• [Exercise input]:
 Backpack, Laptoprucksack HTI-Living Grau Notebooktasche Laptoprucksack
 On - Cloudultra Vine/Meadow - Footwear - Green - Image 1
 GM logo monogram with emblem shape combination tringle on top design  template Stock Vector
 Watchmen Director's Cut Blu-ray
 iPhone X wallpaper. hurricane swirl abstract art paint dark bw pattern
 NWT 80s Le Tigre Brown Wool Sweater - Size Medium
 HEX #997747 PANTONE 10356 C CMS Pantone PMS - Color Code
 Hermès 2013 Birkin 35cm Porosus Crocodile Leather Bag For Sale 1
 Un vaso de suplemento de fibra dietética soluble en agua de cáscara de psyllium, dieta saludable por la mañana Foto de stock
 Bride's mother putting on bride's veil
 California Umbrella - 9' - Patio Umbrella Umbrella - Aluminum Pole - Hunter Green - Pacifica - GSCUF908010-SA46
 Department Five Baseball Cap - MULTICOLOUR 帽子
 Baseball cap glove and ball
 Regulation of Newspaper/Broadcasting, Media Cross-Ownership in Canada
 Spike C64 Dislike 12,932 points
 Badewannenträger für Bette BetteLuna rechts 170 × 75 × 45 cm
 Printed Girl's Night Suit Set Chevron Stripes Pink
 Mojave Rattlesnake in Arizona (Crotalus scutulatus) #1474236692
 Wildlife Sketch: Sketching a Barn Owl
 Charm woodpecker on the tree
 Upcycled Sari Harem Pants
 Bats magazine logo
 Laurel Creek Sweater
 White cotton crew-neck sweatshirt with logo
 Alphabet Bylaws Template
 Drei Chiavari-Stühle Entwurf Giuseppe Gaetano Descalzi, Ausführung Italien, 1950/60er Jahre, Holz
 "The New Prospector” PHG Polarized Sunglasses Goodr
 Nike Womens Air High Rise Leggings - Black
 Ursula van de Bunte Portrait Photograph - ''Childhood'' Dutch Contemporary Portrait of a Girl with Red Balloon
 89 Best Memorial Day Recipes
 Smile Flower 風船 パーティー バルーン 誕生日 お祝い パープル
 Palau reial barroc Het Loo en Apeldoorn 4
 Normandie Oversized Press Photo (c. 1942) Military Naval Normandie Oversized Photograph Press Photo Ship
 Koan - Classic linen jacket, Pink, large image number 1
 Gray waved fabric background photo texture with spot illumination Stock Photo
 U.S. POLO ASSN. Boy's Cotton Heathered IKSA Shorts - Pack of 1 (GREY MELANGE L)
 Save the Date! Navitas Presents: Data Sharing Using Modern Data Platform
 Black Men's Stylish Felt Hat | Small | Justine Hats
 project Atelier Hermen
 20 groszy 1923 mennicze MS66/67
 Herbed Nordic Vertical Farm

• [Problem]: Search the records above for the string "Pink" and copy each line that holds it.

• [The answer]:
 Printed Girl's Night Suit Set Chevron Stripes Pink
 Koan - Classic linen jacket, Pink, large image number 1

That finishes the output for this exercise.